While the band was formed before Joplin came along, they became famous shortly after absorbing her as lead singer. The chemistry worked, and soon they released what many consider to be a truly epic rock-n-roll record, the US #1 Cheap Thrills...
Janis Joplin (1.19.43 - 10.4.70) herself was of course an American singer, songwriter and arranger. After dying far too young, Joplin lives on in in our collective memory as a star-crossed member of the "27 club". She first rose to prominence in the late 1960s first as the lead singer of Big Brother and the Holding Company, then briefly as as a solo artist before her untimely passing.
As a teen, Janis Joplin was known as an eccentric around her native Port Arthur, Texas, where her father was a white-shirted engineer at Texaco. Her mom once remarked "She was unhappy and unsatisfied without (receiving a lot of attention). The normal rapport wasn't adequate."
Her friends were other local misfits who introduced her to the music of blues artists such as Leadbelly and Robert Johnson. Joplin joined the church choir to hone her skills locally while listening to blues singers such as Big Mama Thornton. Primarily an aspiring painter while still in school, among her high school classmates was future Dallas Cowboys coach Jimmy Johnson.

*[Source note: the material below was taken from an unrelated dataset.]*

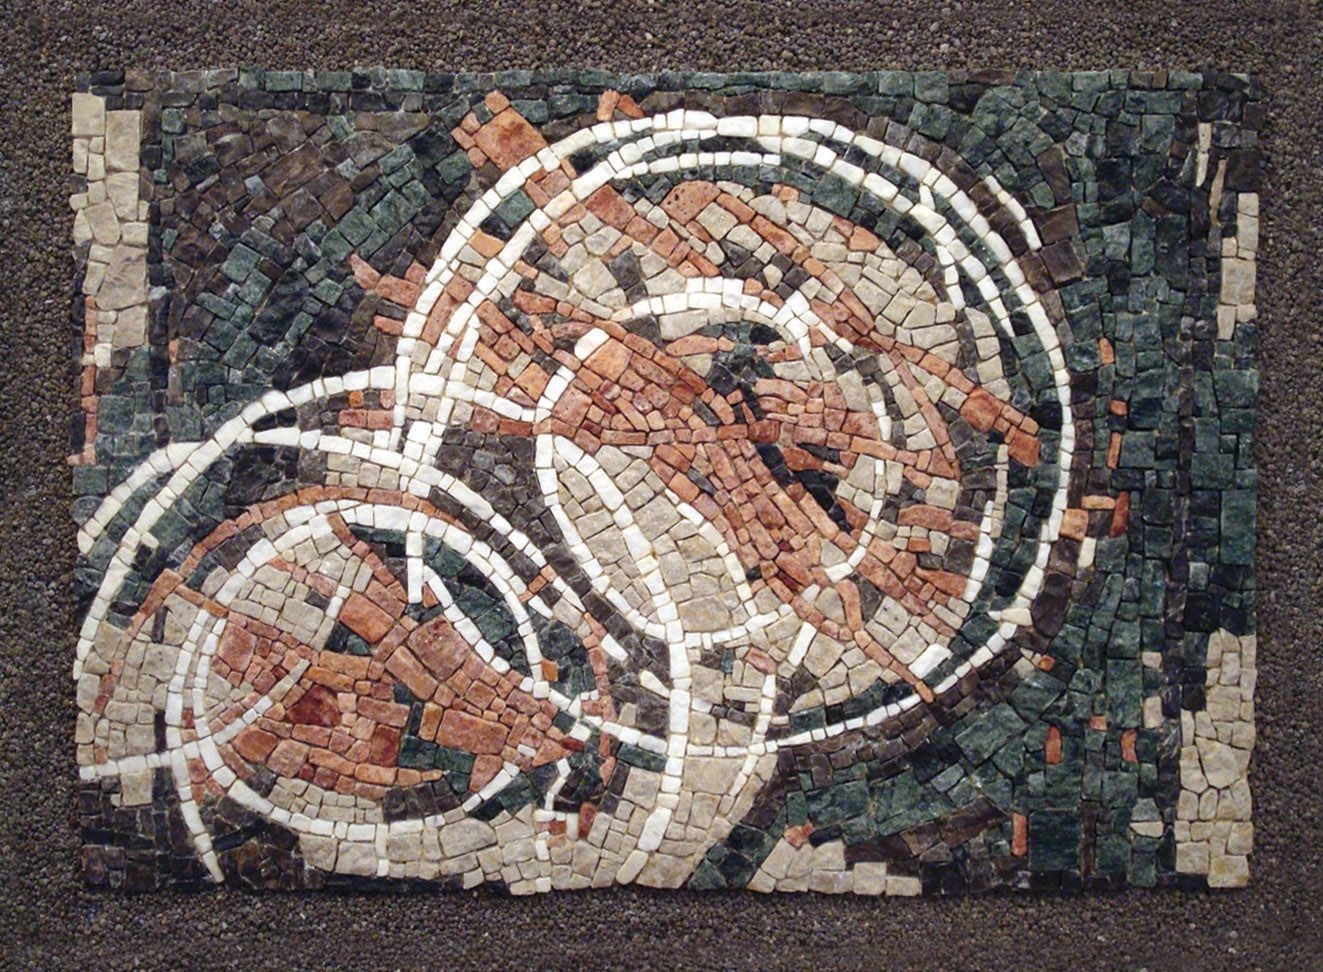 John Touliatos - Cycles. Marbles

Fusing a style of part blues-rebel, part beatnick proto-hippie, Janis Joplin adopted the sound and moves of female blues divas of the 30s and 40s. Her very first song recorded on tape -done at the home of a friend in 1962- was "What Good Can Drinkin' Do".
Joplin soon left the Lone Star State for the SF Bay area in '63, moving into North Beach and later Haight-Ashbury. The next year Joplin and future Jefferson Airplane guitarist Jorma Kaukonen recorded a number of blues standards, further accompanied by Margareta Kaukonen on typewriter, employed as a percussion instrument (!).

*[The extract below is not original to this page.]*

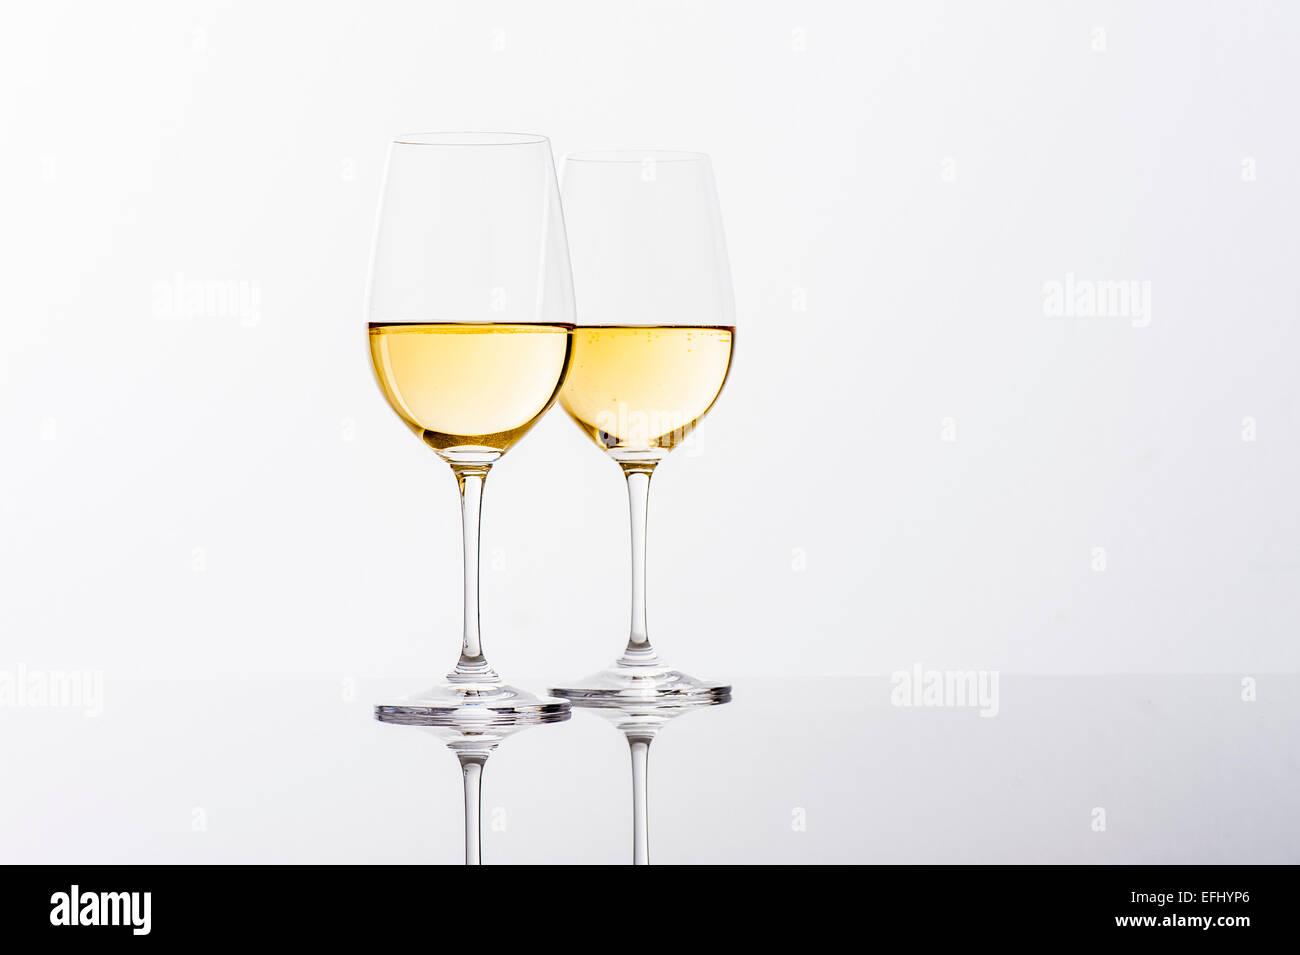 Two glasses of white wine, Hamburg, Northern Germany, Germany - Stock Image

Unfortunately a narrative which was to eventually claim her life -heavy drinking and drug use- came to be a major factor already at this time, with Joplin abusing 'speed' and then later on to heroin. She also experimented with LSD and other psychoactive drugs, and her affection for Southern Comfort was legendary.
But you have to wonder if those who consider Lady Gaga to be really something special have ever heard a truly powerful female performer the likes of Tina Turner or Janis Joplin- and power is the word.

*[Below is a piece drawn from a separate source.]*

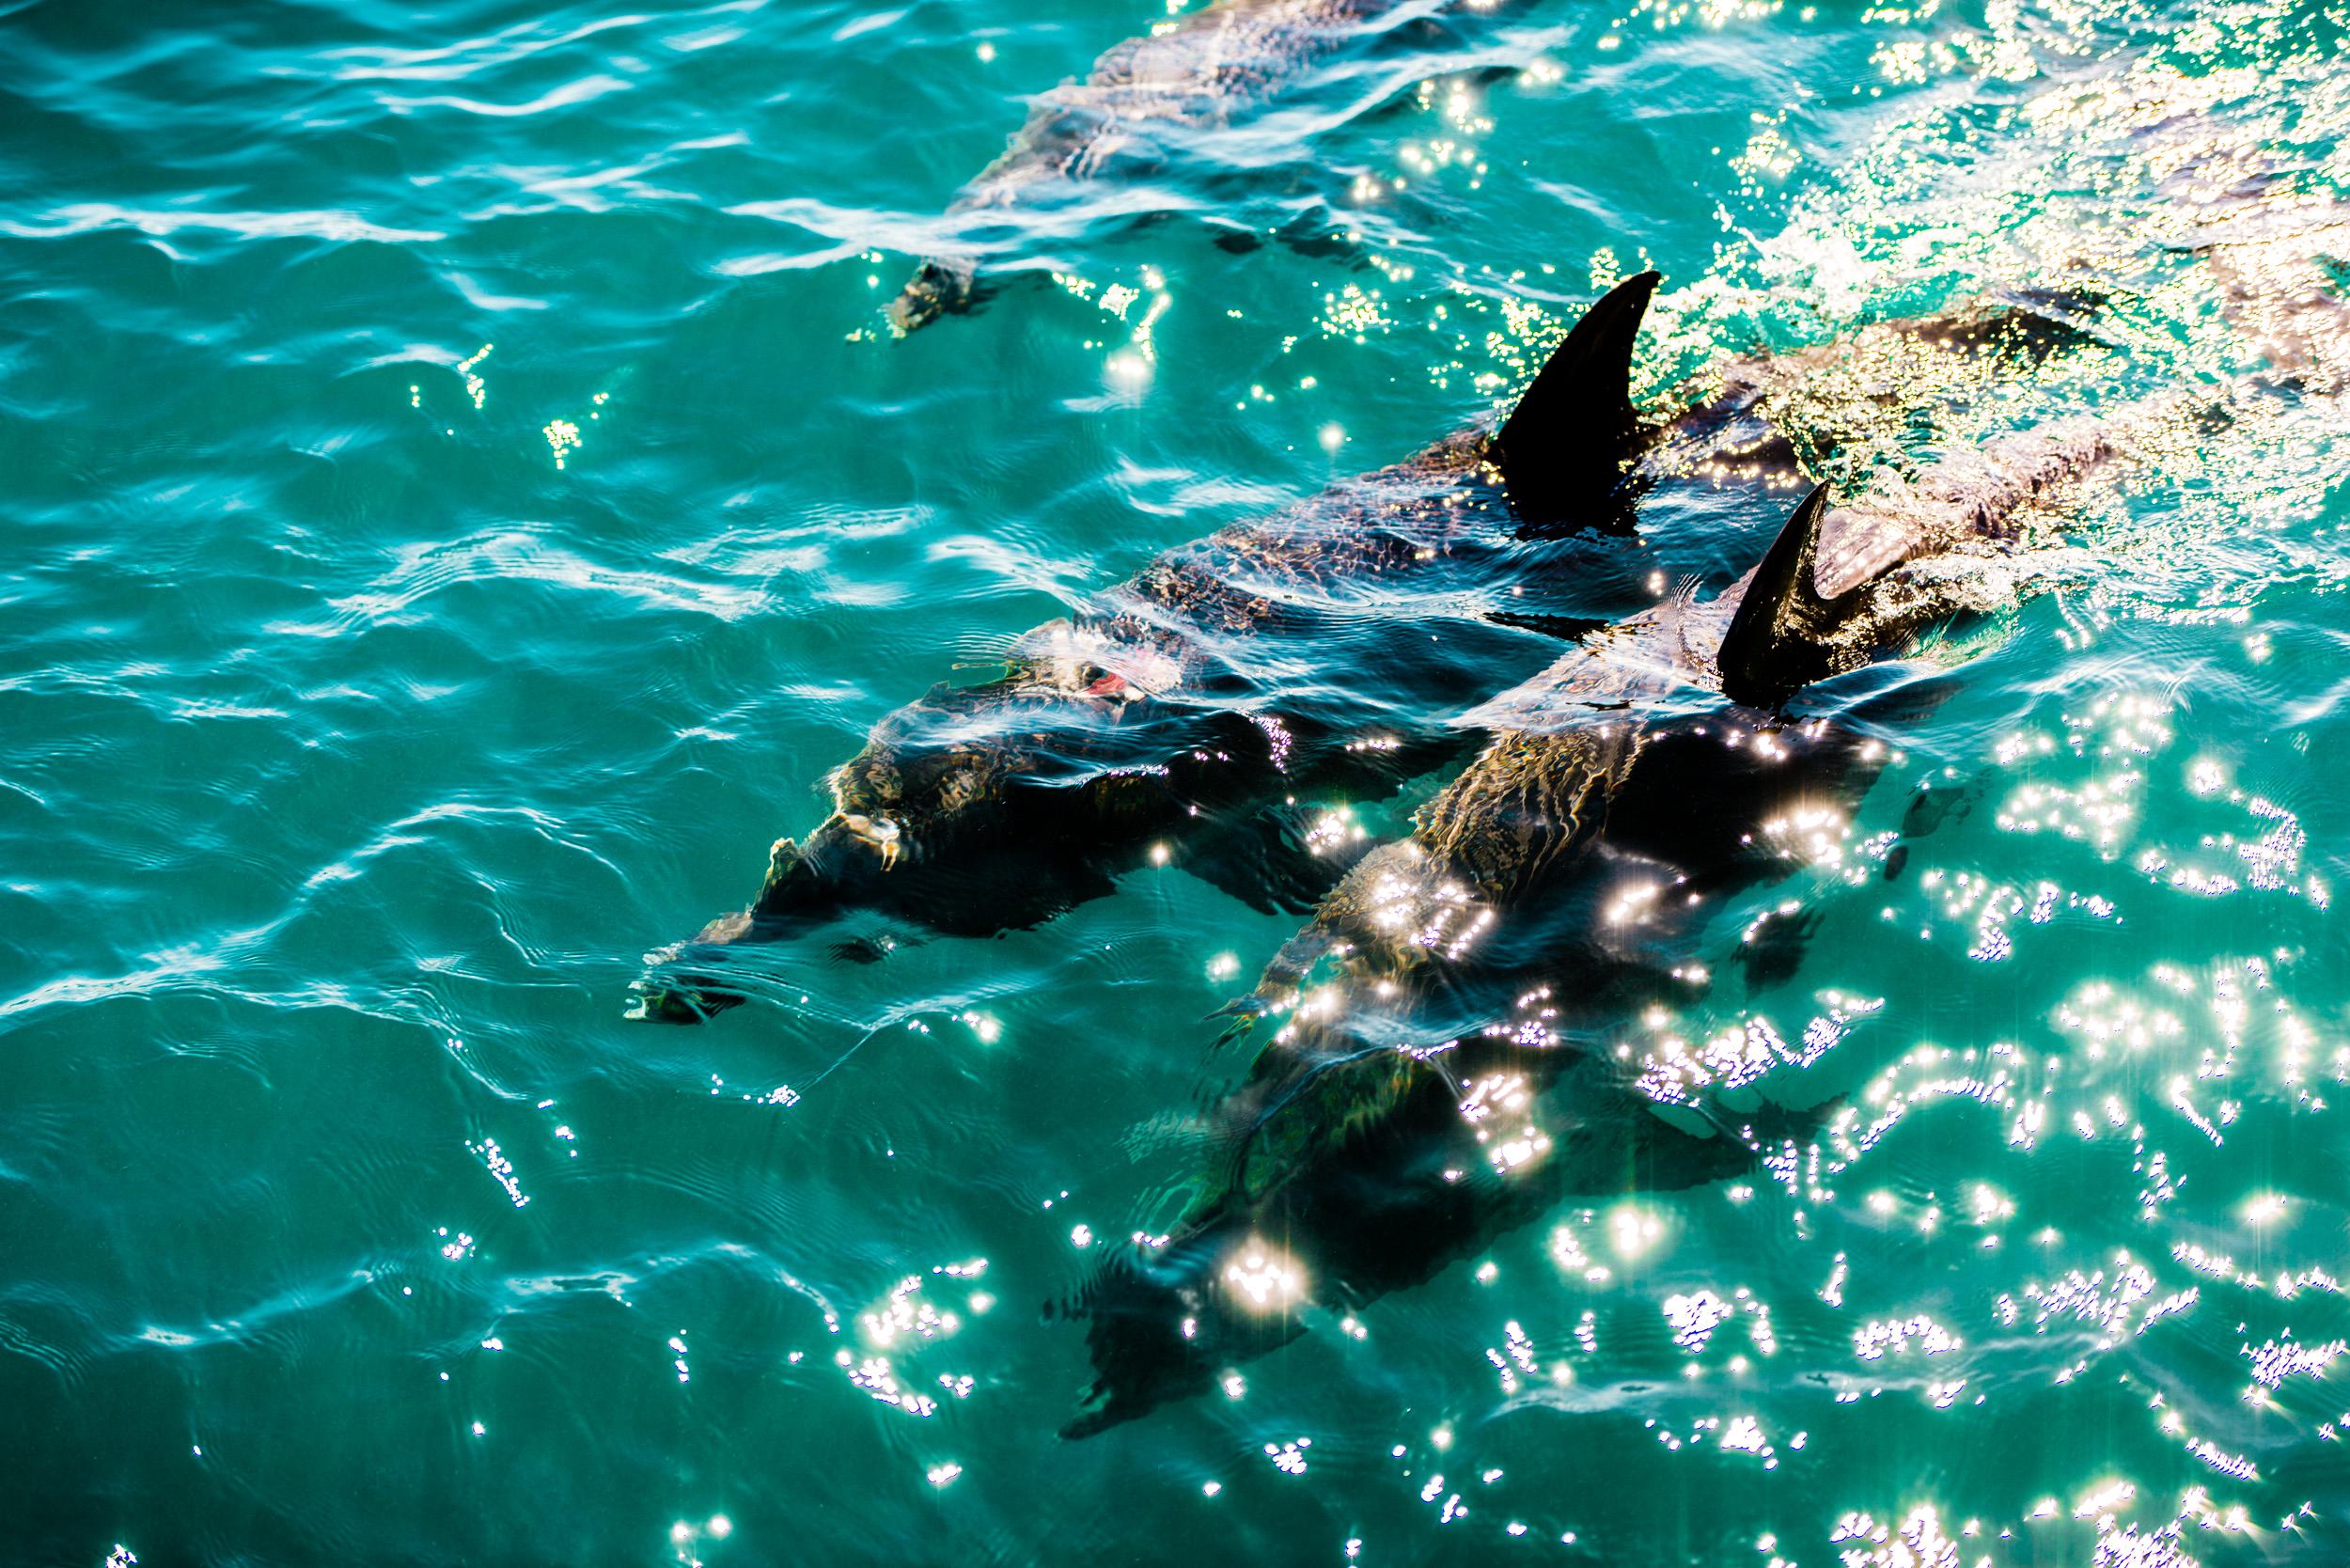 Spyrides_Kyle_Dolphin_Swimming_Rockingham_DSC2821.jpg

With Joplin, this is what really catches the imagination... how this shy, odd duck who seemed so very uncomfortable expressing herself in most other ways could get on stage and just shred it like she did in her prime- incredible. One famous clip from Alamont had Grace Jones sitting in the front row with jaw dropped at the spectacle of Janis Joplin's live performance... an intense, talented, and emotional person was inside, always yearning to burst-on-out... and on stage, it did.
Note this live cut's opening seconds below, where you can hear that meek, faint voice in the background informing the rhythm guitarist that he's "been hitting the wrong chord all night"... right before she fires up the pipes and rolls right into it:
Big Brother and the Holding Company: Down on Me - 1967
[video/more]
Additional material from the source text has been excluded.